:: WORK TO BE COMPLETED ::
Would you write out, word for word, each line of the records below from the top through the one holding "Managing Flood and"?

:: Records from a data collection ::
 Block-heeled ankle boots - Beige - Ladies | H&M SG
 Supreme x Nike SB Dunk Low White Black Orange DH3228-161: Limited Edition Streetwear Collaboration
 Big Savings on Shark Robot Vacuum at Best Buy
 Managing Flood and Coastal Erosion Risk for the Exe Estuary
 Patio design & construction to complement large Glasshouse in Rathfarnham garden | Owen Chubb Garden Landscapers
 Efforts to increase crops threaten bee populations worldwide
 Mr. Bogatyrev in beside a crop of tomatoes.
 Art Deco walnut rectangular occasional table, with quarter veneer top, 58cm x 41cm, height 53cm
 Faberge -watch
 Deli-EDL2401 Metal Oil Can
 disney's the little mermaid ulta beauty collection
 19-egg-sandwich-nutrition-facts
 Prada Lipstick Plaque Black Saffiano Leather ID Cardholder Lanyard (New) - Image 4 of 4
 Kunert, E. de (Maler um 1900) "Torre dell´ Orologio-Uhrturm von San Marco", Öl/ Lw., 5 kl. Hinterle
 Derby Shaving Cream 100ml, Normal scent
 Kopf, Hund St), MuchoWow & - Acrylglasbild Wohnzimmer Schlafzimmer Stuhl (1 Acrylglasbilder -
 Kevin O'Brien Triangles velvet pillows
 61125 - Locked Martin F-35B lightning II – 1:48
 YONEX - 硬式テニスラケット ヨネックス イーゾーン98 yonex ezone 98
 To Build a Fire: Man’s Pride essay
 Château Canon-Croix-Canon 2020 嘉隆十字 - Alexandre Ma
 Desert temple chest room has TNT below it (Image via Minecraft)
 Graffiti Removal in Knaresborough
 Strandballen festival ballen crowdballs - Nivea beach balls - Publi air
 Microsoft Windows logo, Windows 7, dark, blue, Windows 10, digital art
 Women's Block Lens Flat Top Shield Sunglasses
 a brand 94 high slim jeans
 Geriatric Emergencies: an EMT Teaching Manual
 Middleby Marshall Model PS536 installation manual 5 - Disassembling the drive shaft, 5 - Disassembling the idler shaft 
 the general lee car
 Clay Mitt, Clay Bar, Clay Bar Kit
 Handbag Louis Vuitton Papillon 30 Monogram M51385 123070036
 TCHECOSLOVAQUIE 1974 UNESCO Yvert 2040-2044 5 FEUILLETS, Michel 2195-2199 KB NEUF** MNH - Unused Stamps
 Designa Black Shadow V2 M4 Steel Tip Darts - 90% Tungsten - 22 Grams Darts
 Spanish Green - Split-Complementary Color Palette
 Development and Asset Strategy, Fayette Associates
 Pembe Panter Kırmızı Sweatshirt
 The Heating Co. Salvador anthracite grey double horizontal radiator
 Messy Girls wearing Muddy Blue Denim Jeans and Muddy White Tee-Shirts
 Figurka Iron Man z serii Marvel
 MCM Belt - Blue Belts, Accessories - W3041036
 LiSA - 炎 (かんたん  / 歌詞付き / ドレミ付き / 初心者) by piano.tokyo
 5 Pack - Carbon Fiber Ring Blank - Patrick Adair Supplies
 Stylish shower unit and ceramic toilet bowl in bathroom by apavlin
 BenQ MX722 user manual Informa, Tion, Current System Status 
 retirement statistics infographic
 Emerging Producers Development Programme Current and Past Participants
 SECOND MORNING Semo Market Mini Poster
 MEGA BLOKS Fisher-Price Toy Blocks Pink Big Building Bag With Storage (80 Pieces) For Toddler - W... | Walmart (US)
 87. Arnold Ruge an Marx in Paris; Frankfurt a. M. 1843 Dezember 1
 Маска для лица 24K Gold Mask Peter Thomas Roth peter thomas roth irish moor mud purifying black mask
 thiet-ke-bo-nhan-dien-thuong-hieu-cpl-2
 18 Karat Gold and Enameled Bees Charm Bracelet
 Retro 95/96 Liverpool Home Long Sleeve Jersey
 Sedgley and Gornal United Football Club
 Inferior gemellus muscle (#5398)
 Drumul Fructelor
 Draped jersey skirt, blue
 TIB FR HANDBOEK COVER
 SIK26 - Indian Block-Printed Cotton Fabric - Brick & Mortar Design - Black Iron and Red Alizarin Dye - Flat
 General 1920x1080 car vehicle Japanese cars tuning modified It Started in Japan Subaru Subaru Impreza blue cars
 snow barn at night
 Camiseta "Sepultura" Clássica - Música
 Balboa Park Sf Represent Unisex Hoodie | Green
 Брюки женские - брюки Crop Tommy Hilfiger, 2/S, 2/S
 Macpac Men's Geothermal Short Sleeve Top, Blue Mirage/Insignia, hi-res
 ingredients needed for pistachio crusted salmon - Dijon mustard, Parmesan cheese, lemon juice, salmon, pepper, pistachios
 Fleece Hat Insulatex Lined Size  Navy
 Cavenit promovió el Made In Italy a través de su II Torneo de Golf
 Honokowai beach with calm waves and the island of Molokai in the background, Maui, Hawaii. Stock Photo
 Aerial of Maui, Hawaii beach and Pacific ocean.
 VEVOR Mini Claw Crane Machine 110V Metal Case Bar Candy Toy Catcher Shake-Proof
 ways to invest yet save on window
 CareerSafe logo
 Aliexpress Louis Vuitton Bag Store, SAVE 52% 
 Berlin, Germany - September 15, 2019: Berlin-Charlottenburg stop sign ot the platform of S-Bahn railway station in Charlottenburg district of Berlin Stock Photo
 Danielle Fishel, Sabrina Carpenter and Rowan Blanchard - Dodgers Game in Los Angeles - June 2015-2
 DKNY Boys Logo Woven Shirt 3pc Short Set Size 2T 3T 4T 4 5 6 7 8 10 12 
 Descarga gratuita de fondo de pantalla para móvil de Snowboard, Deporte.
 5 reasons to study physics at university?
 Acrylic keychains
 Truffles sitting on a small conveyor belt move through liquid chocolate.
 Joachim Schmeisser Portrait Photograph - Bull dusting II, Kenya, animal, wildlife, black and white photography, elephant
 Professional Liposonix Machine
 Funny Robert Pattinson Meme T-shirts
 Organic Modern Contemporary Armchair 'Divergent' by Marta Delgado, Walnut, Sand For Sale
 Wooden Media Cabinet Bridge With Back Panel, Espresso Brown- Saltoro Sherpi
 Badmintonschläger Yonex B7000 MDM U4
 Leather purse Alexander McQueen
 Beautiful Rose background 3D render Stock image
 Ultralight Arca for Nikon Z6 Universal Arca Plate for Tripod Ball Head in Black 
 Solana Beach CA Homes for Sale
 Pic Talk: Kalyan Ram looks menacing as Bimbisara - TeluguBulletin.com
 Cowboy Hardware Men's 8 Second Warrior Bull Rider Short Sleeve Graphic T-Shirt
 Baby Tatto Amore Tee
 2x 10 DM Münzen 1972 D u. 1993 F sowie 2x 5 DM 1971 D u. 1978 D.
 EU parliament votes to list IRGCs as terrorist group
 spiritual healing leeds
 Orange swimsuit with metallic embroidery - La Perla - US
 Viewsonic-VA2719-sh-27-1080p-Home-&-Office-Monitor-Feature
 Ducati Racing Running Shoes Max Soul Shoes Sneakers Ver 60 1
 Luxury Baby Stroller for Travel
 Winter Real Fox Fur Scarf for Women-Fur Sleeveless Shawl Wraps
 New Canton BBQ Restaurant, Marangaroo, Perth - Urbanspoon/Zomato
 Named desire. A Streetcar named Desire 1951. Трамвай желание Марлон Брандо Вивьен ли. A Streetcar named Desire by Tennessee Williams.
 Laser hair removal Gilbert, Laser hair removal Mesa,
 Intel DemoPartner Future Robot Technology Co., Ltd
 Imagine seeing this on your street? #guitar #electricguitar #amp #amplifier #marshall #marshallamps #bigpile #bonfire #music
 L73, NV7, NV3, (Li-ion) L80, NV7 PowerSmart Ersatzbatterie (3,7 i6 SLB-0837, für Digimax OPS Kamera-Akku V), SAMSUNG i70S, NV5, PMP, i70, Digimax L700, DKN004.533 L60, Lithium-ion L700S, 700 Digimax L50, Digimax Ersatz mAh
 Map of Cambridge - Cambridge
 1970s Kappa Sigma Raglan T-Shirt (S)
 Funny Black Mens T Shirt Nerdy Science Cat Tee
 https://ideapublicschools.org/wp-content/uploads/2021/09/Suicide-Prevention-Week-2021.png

:: WRITTEN RESPONSE ::
 Block-heeled ankle boots - Beige - Ladies | H&M SG
 Supreme x Nike SB Dunk Low White Black Orange DH3228-161: Limited Edition Streetwear Collaboration
 Big Savings on Shark Robot Vacuum at Best Buy
 Managing Flood and Coastal Erosion Risk for the Exe Estuary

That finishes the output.